• AIM OF THE TASK:
Where the data below begins, start retyping exactly, and end on the line with "Audi Certified Pre", which is included; no picture goes in.

• SOURCE DATA:
+ + + +

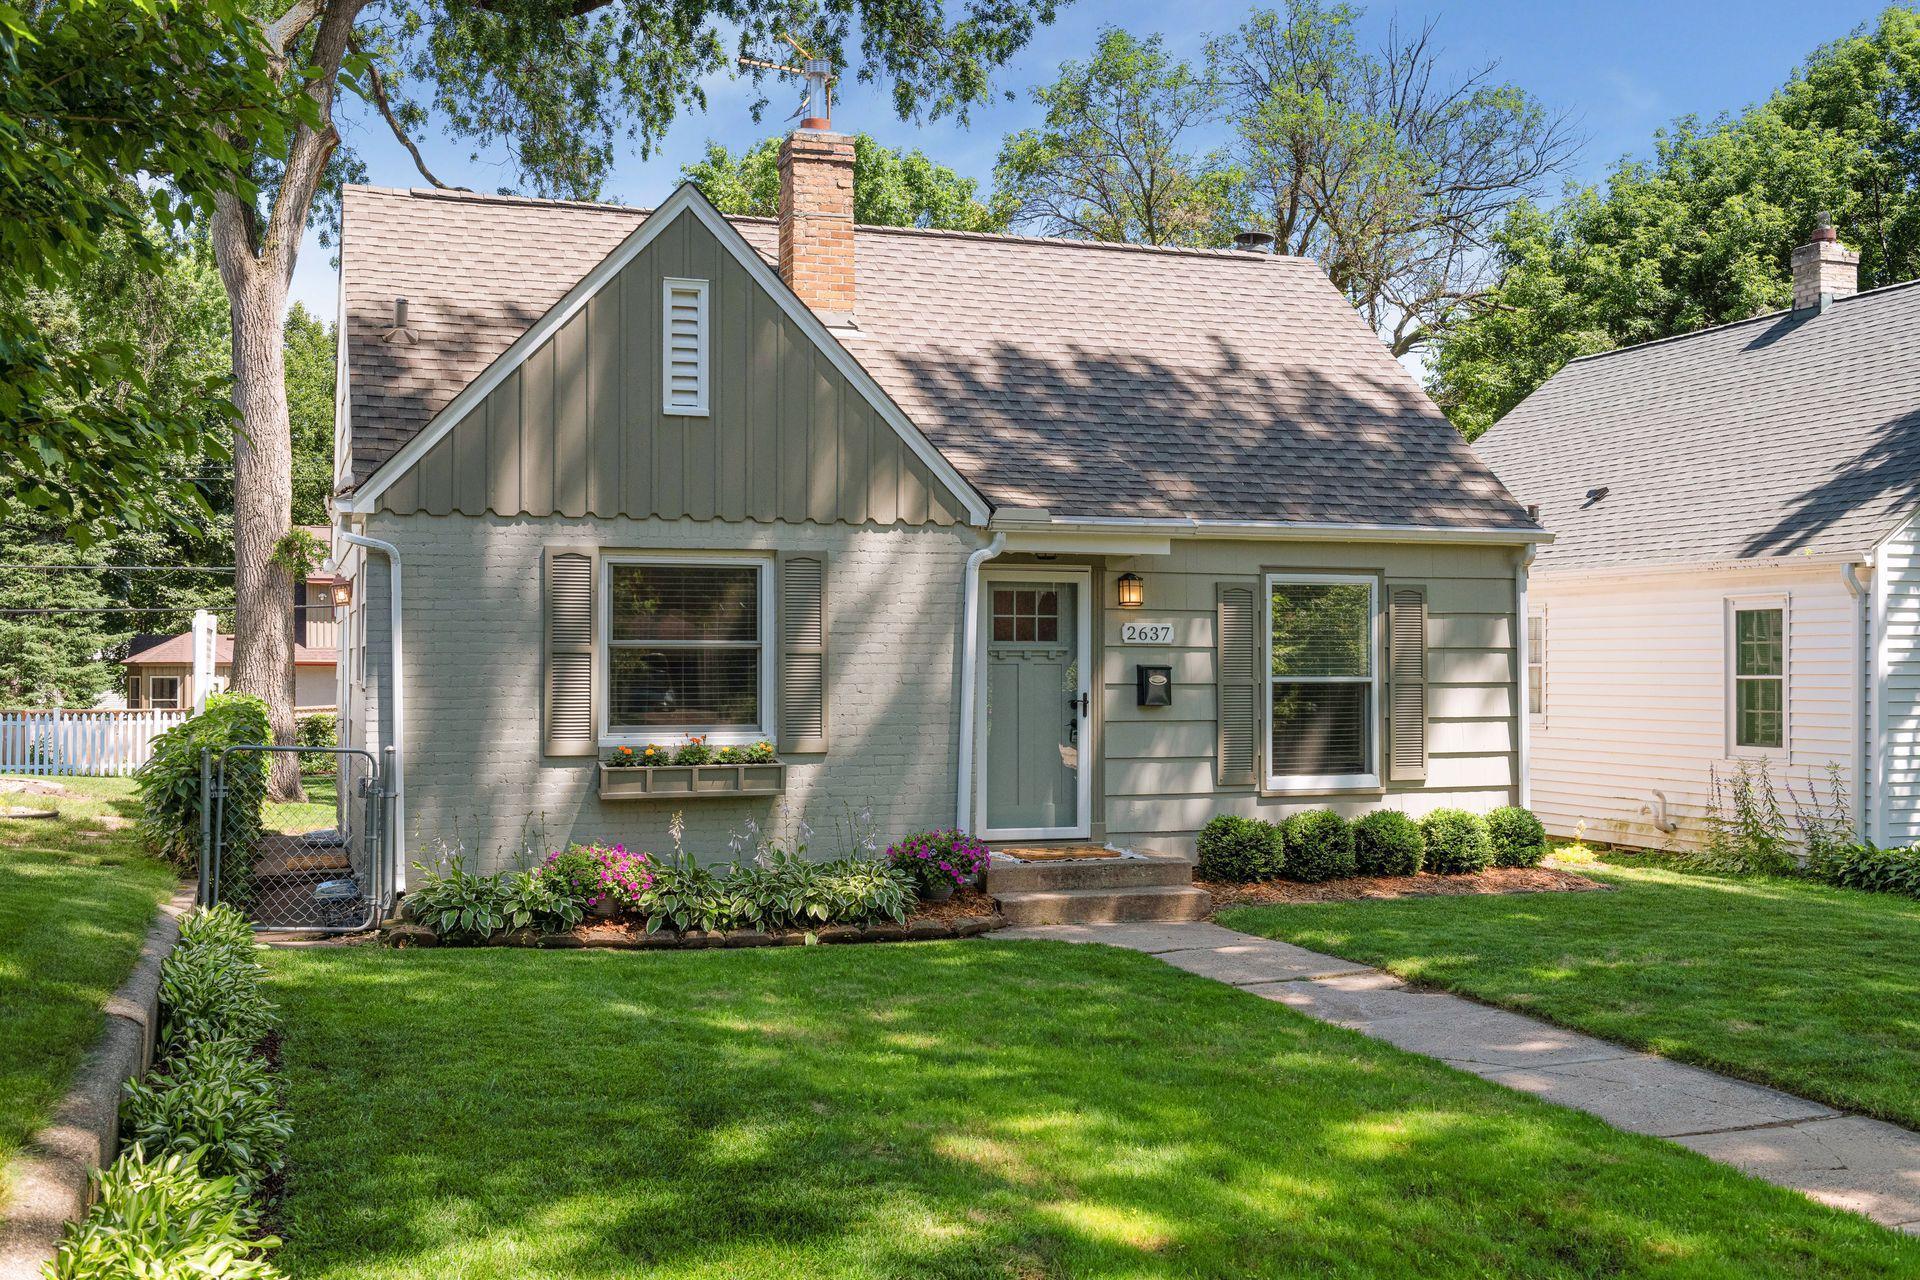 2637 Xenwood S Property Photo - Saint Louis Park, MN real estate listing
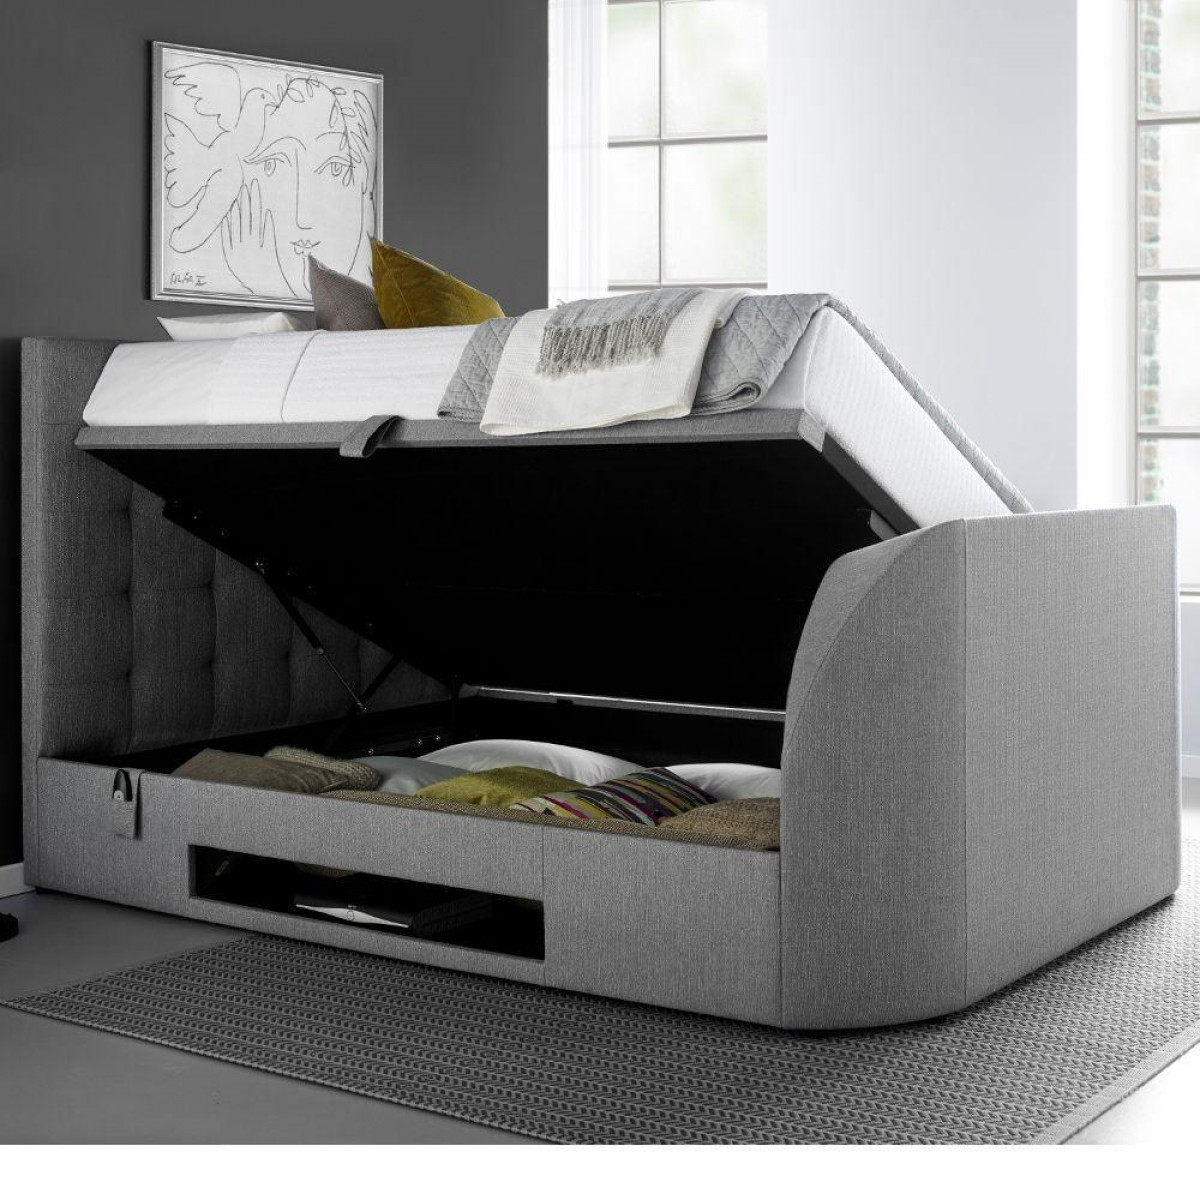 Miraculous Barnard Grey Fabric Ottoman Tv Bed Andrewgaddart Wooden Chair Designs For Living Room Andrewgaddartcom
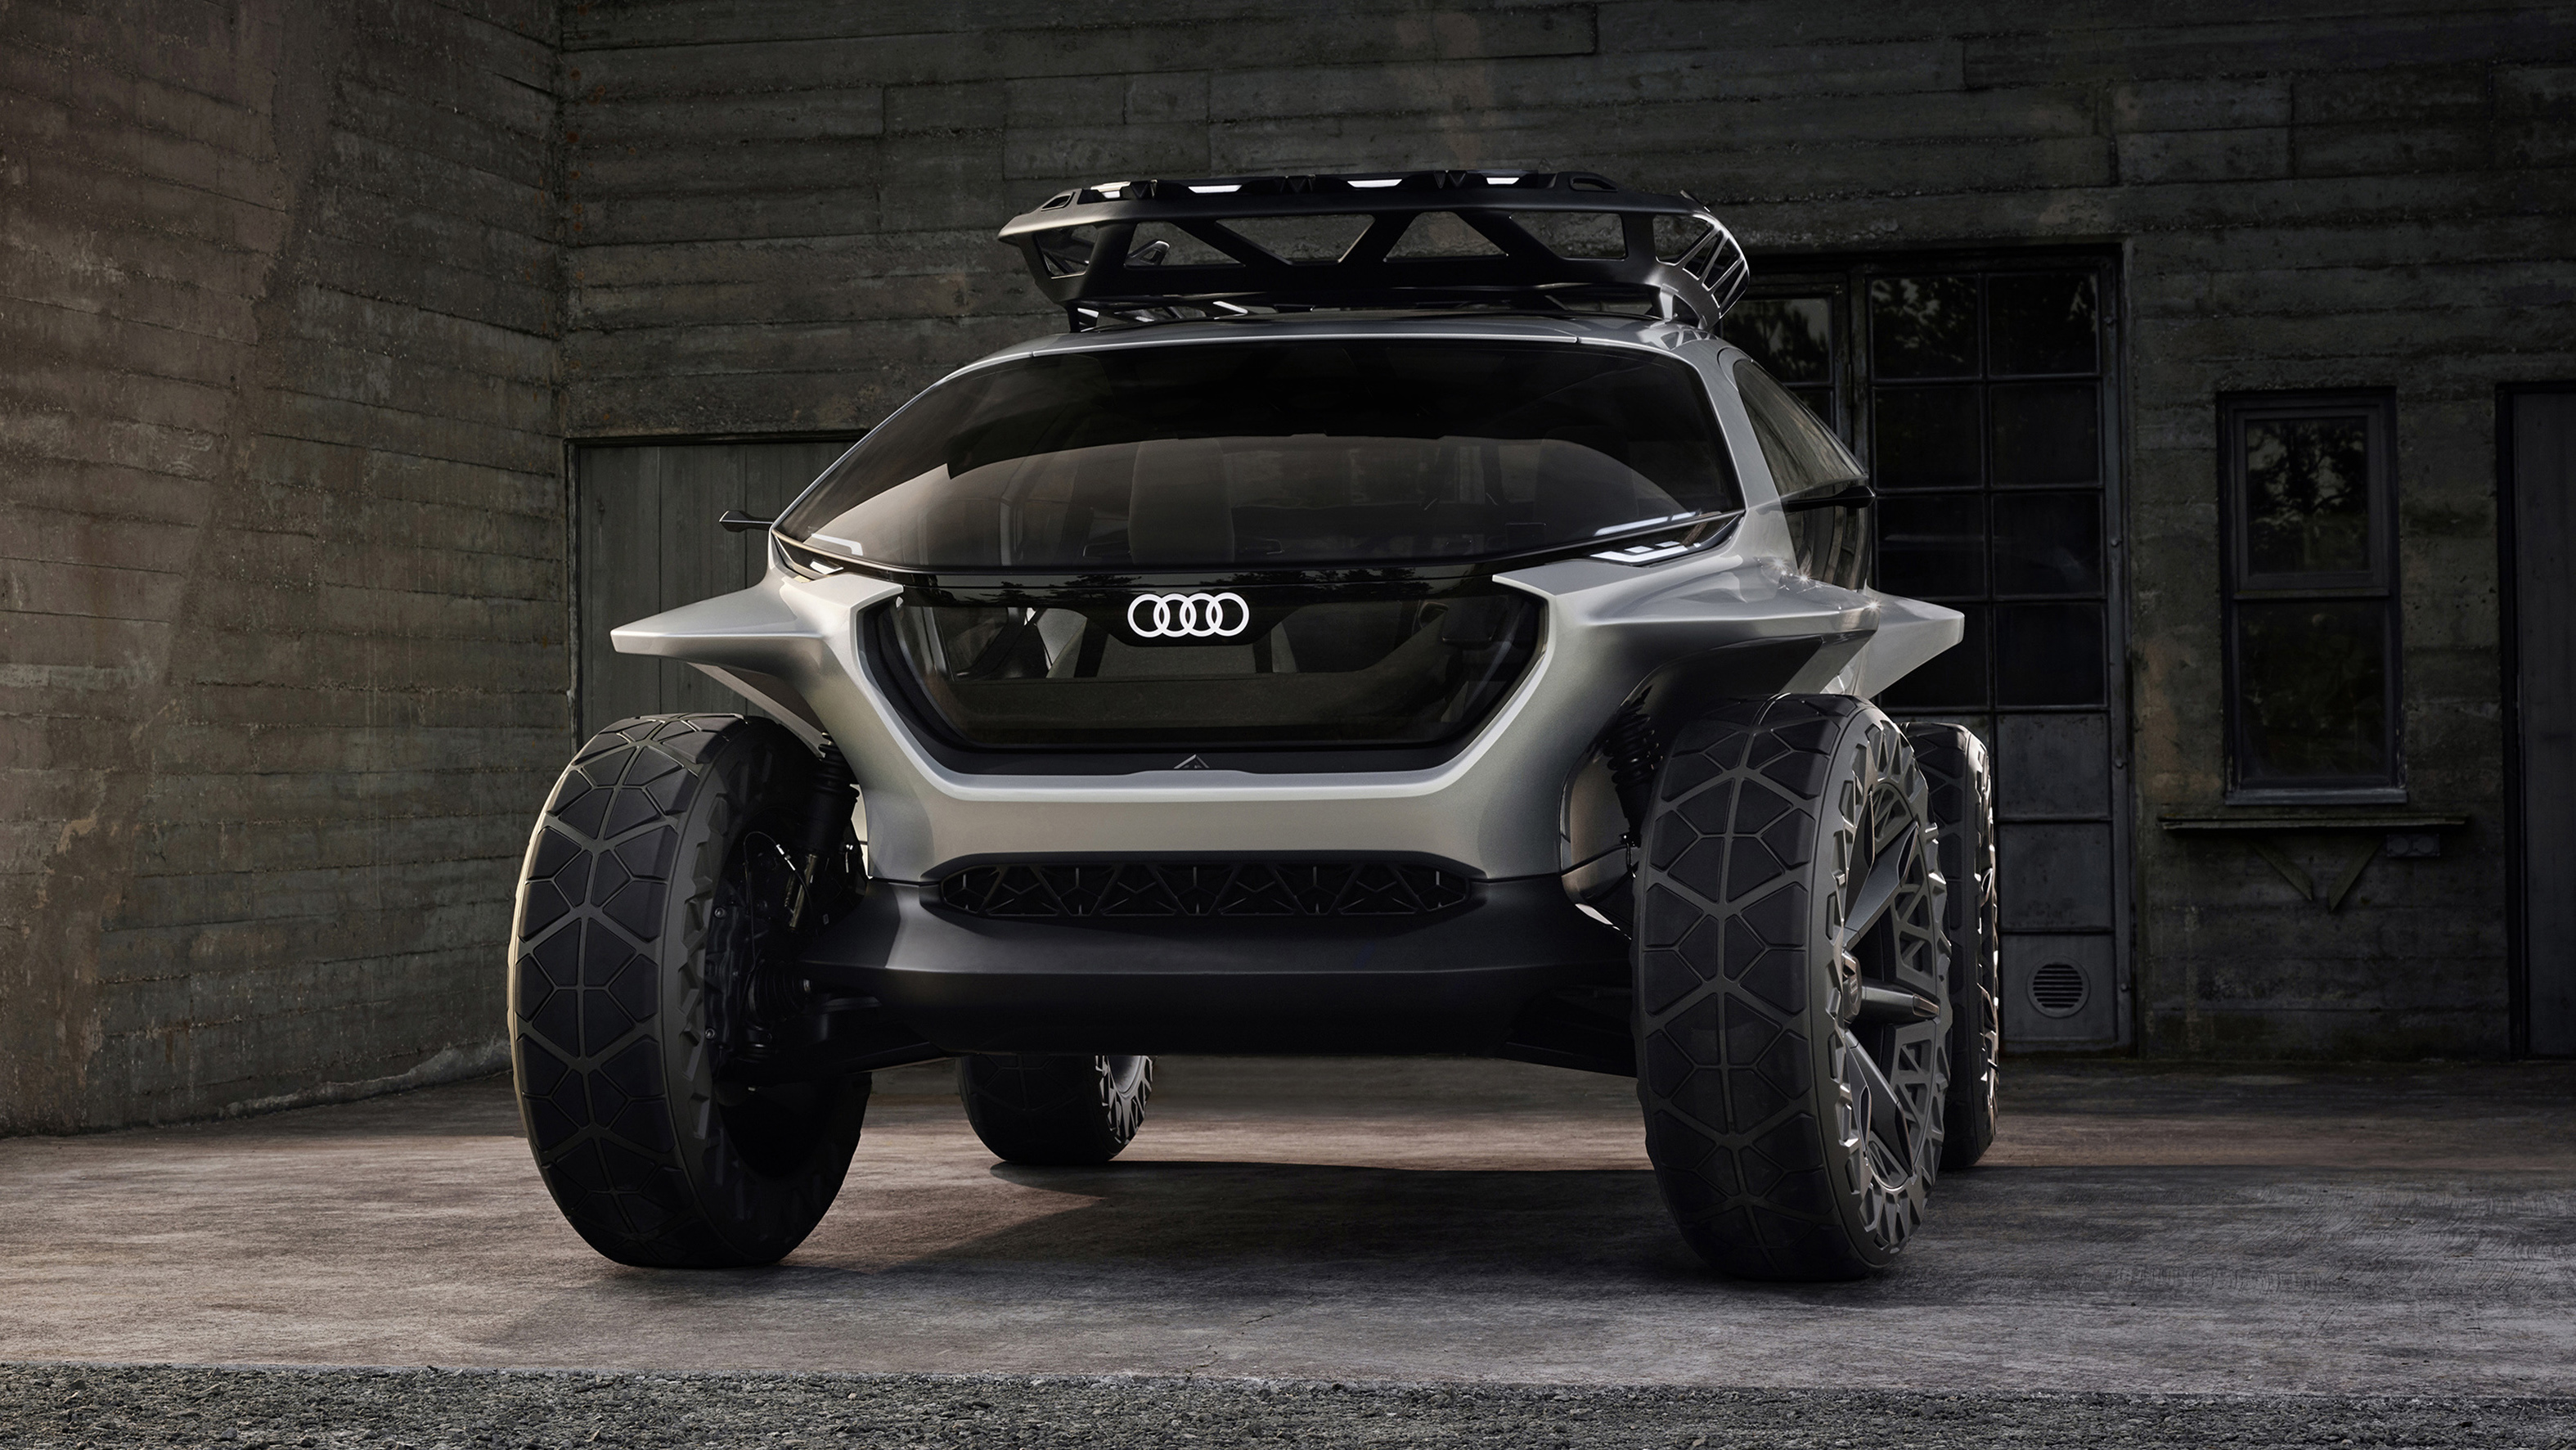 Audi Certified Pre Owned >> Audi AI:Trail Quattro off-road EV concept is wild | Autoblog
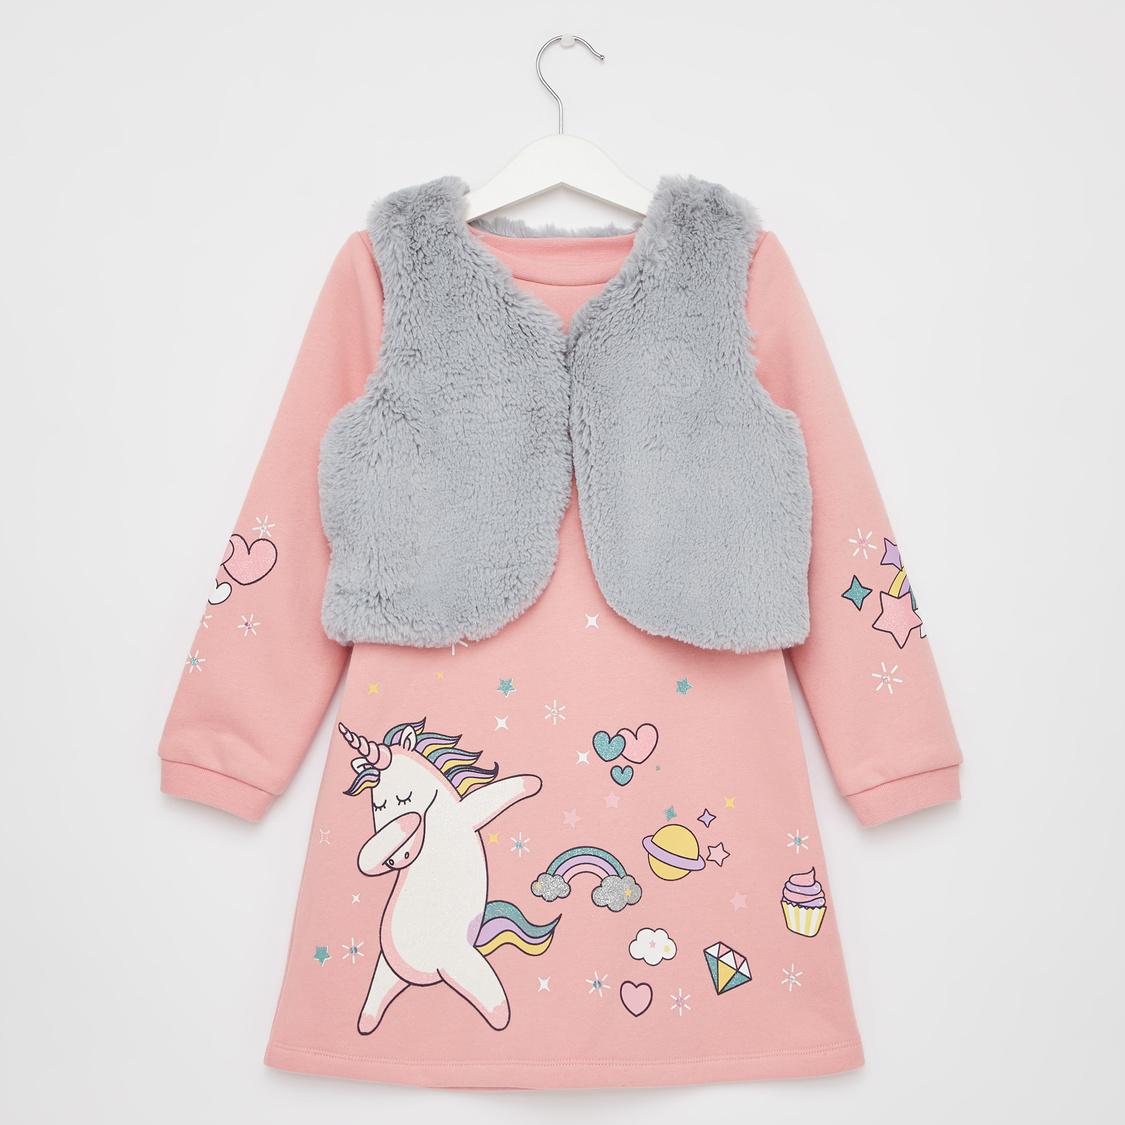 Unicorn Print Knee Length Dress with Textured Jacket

+ + + +

• EXERCISE SOLUTION:
 2637 Xenwood S Property Photo - Saint Louis Park, MN real estate listing
 Miraculous Barnard Grey Fabric Ottoman Tv Bed Andrewgaddart Wooden Chair Designs For Living Room Andrewgaddartcom
 Audi Certified Pre Owned >> Audi AI:Trail Quattro off-road EV concept is wild | Autoblog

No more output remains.